La reacción del gobierno de México es considerada como excepcional por expertos, ya que en el comité se solicitó por primera vez elevar el caso a la Asamblea General de la organización de las Naciones Unidas, ante la gravedad de los indicios de crímenes de lesa humanidad y la falta de anuencia gubernamental para corregir el rumbo de deterioro en el que se encuentra este caso en nuestra nación.
La presidenta de México ha expresado un rechazo, por lo menos irresponsable descalificando el objetivo, la metodología y el perfil profesional de los expertos independientes subestimando que los integrantes de los comités se distinguen por ser el resultado de una selección que se basa fundamentalmente en tres características principales:
1. El Franco, reconocimiento de su integridad moral.
2. Su reconocida, competencia en materia de derechos humanos.
3. Su experiencia jurídica relevante, es decir, los expertos tienen trayectorias que combinan su alto rango de desempeño académico con la práctica judicial internacional, de manera que muchos de ellos son doctores en derecho internacional en ciencias políticas o sociología con algunas décadas de investigación en desapariciones forzadas, de igual manera se integran personas con años de práctica en las cortes nacionales e internacionales, incluyendo tribunales penales y misiones de observación de las Naciones Unidas o bien, y por último, consultores para organismos como el comité internacional de la Cruz Roja o la Comisión interamericana derechos humanos.

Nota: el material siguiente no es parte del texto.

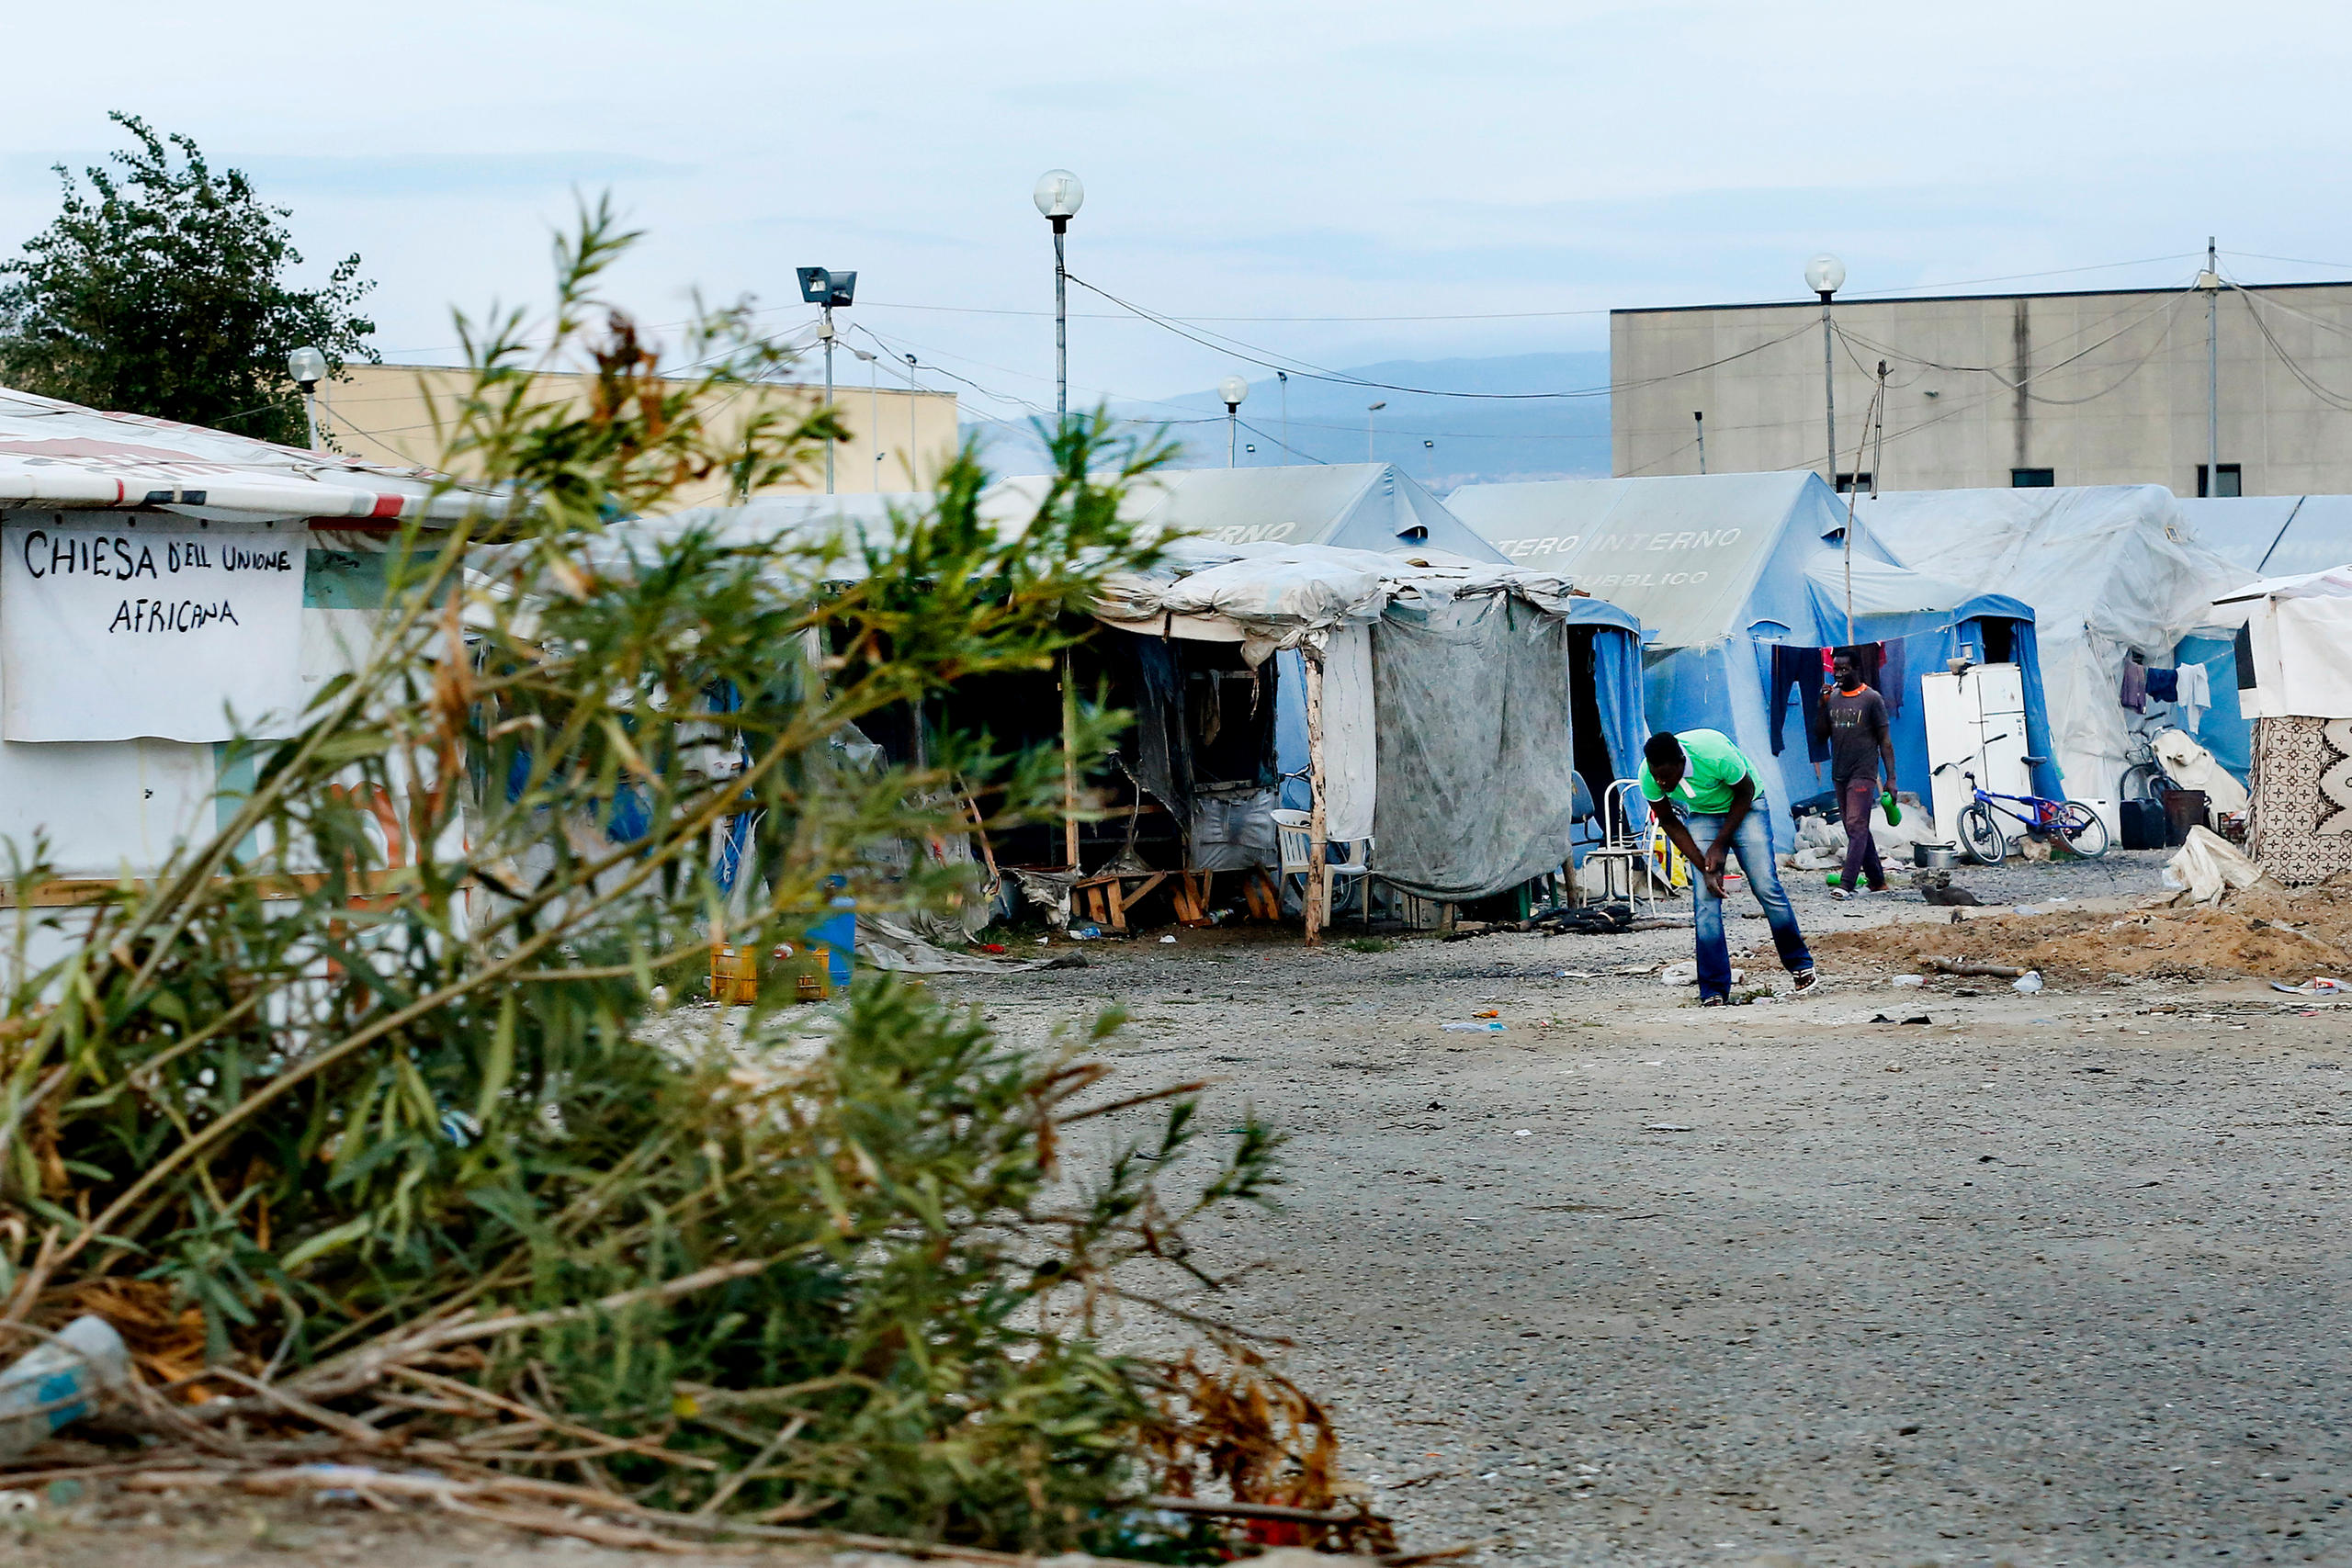 tendopoli illegale che ospita dei migranti a San Ferdinando, in Calabria

Los miembros de un comité son elegidos por los estados que han ratificado la convención. Actualmente, han ratificado 78 países para mandatos de cuatro años con posibilidad de una reelección, esta independencia es lo que les permite emitir dictámenes técnicos, incluso cuando contradicen la postura oficial del gobierno, como es el caso de México.

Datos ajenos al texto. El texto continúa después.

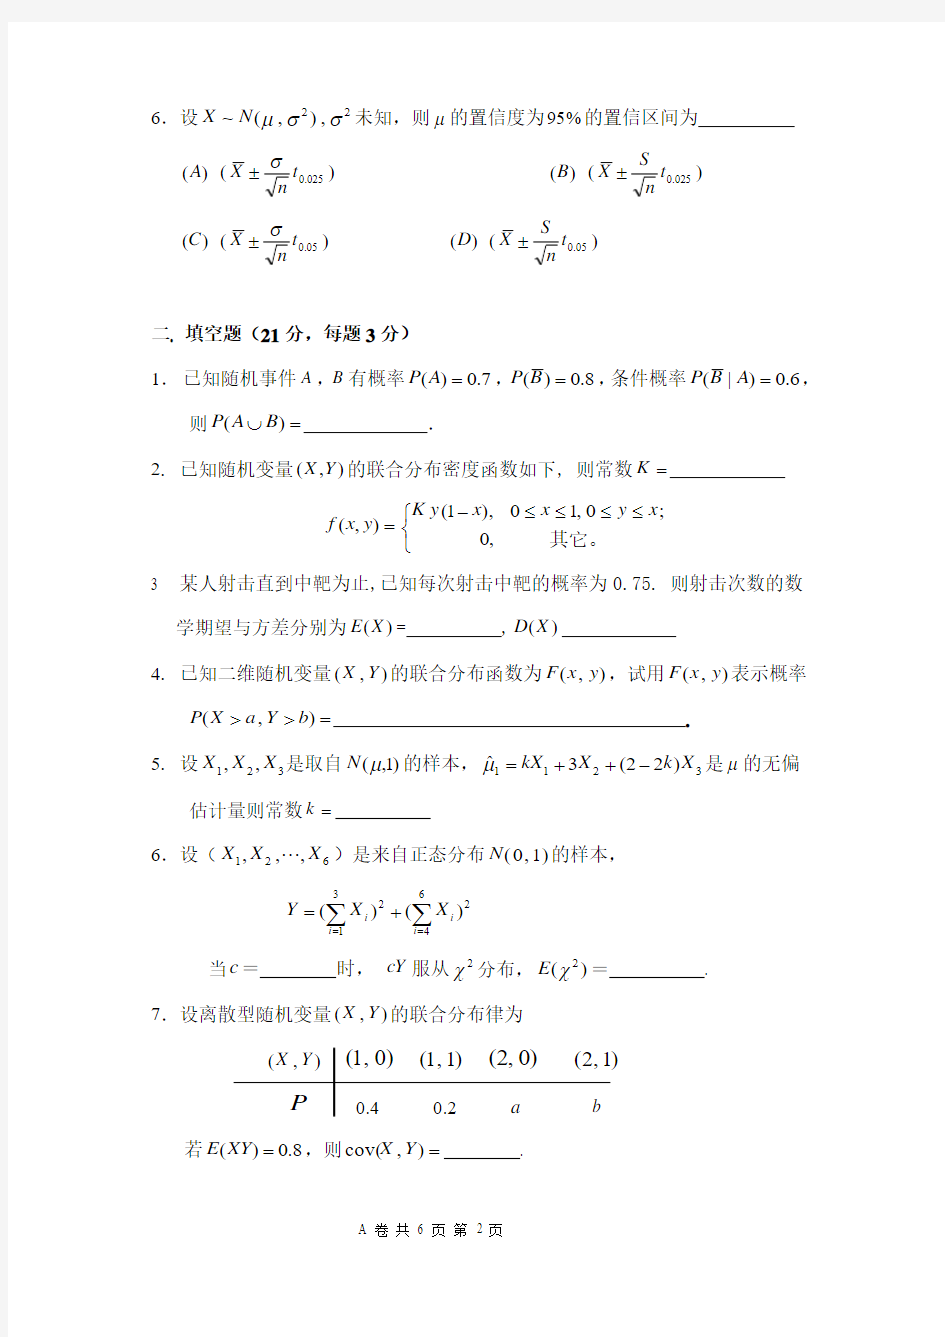 上海交通大学2005年6月概率论与数理统计试卷

Bueno, pues todos estos antecedentes y formularios que genera los comités de expertos de las Naciones Unidas no han sido suficiente argumento para que la presidente de México asuma y en vez de descalificar reconozca al menos que se le está haciendo una descripción objetiva del tamaño del problema y las alternativas de solución.
Por desgracia, al gobierno mexicano, no le ha importado en absoluto un dictamen y prefiere mantenerse en una posición ambigua y mentirosa que asumir el carácter vinculante que se genera a partir del valor legal de las recomendaciones y de las acciones urgentes que se derivan del informe.

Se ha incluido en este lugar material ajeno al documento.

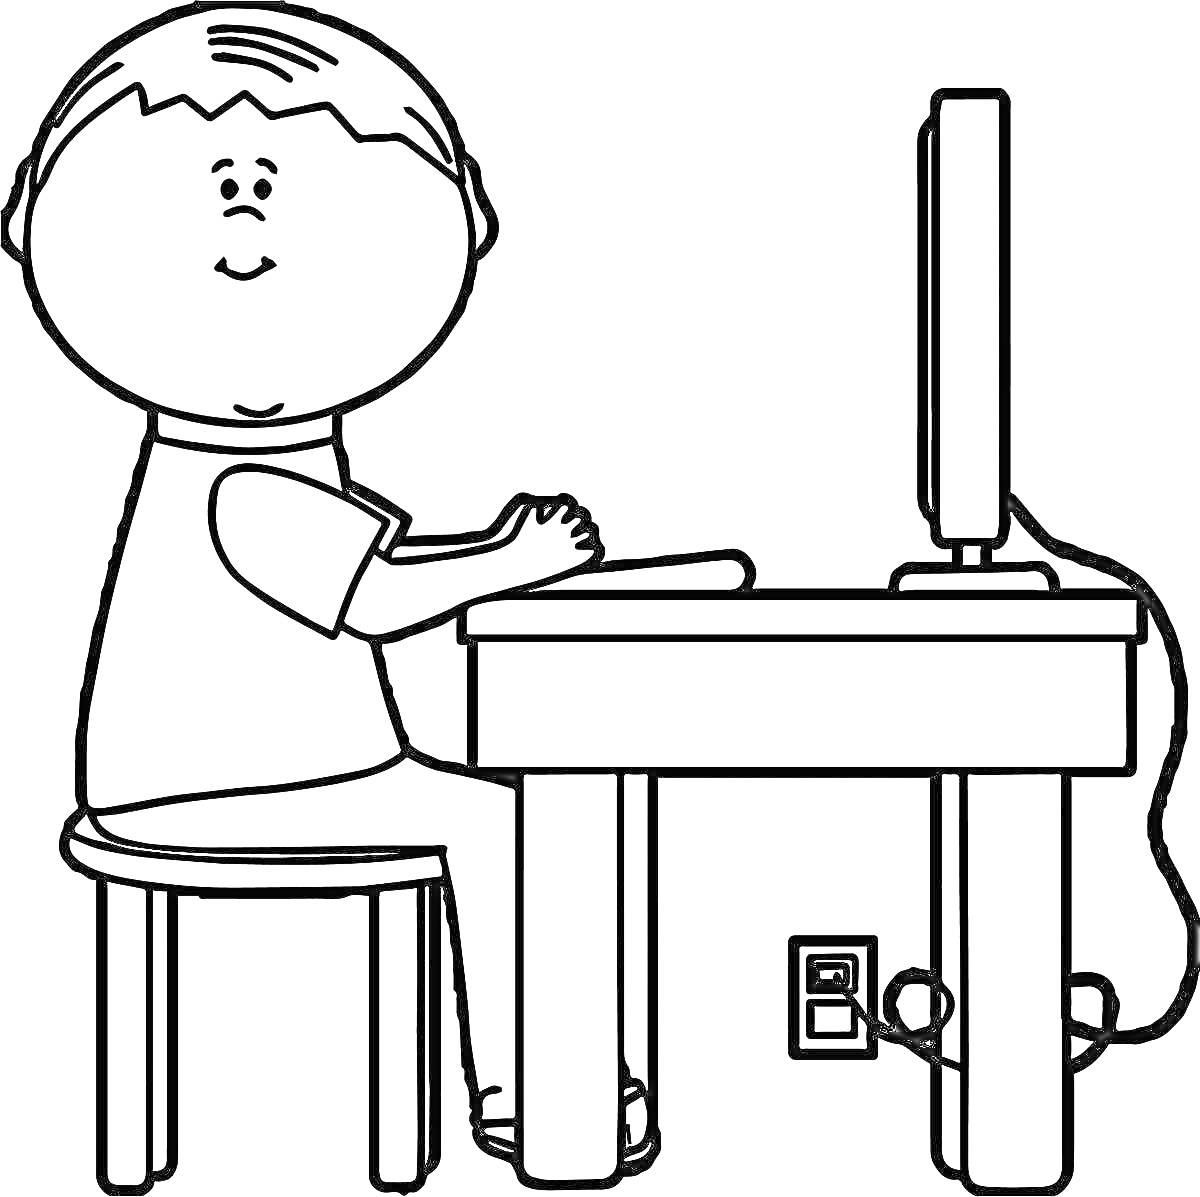 Ребенок за компьютером, сидящий на стуле у стола с включенным монитором

Es importante destacar que el valor legal de las conclusiones del comité es un tema de gran relevancia jurídica para nuestro país, donde la suprema corte de justicia de la nación ha jugado un papel determinante para elevar su estatus, de tal manera que las recomendaciones y las acciones urgentes tienen un carácter vinculante, es decir, obligatorio, y así como en otros años, la suprema corte de justicia de la nación ha emitido sentencias históricas, donde reconoce que las acciones urgentes del comité son obligatorias para todas las autoridades encargadas de la búsqueda en el presente y lamentando una vez más el deplorable nivel de expertís técnico de la actual suprema corte, pues pareciera que el gobierno mexicano no está preocupado porque la suprema corte tenga una actitud de hacer valer el carácter vinculante del informe.
No obstante que el gobierno mexicano ha ratificado la convención internacional México tiene estas obligaciones integradas a su bloque de constitucionalidad y esto significa que un juez mexicano puede ordenar a una fiscalía cumplir con lo que el comité solicita en un caso específico, pero a diferencia de las acciones urgentes, que son órdenes inmediatas, las recomendaciones de los informes generales funcionan como una hoja de ruta técnica; si el Estado la ignora incurre en responsabilidad internacional y puede ser sancionado en foros diplomáticos
En estricto sentido, no existe un plazo de caducidad, sino tiempos específicos, según el mecanismo:
-Seguimiento de recomendaciones. El Estado tiene un plazo de hasta 24 meses para informar sobre los pasos tomados según las recomendaciones instruidas.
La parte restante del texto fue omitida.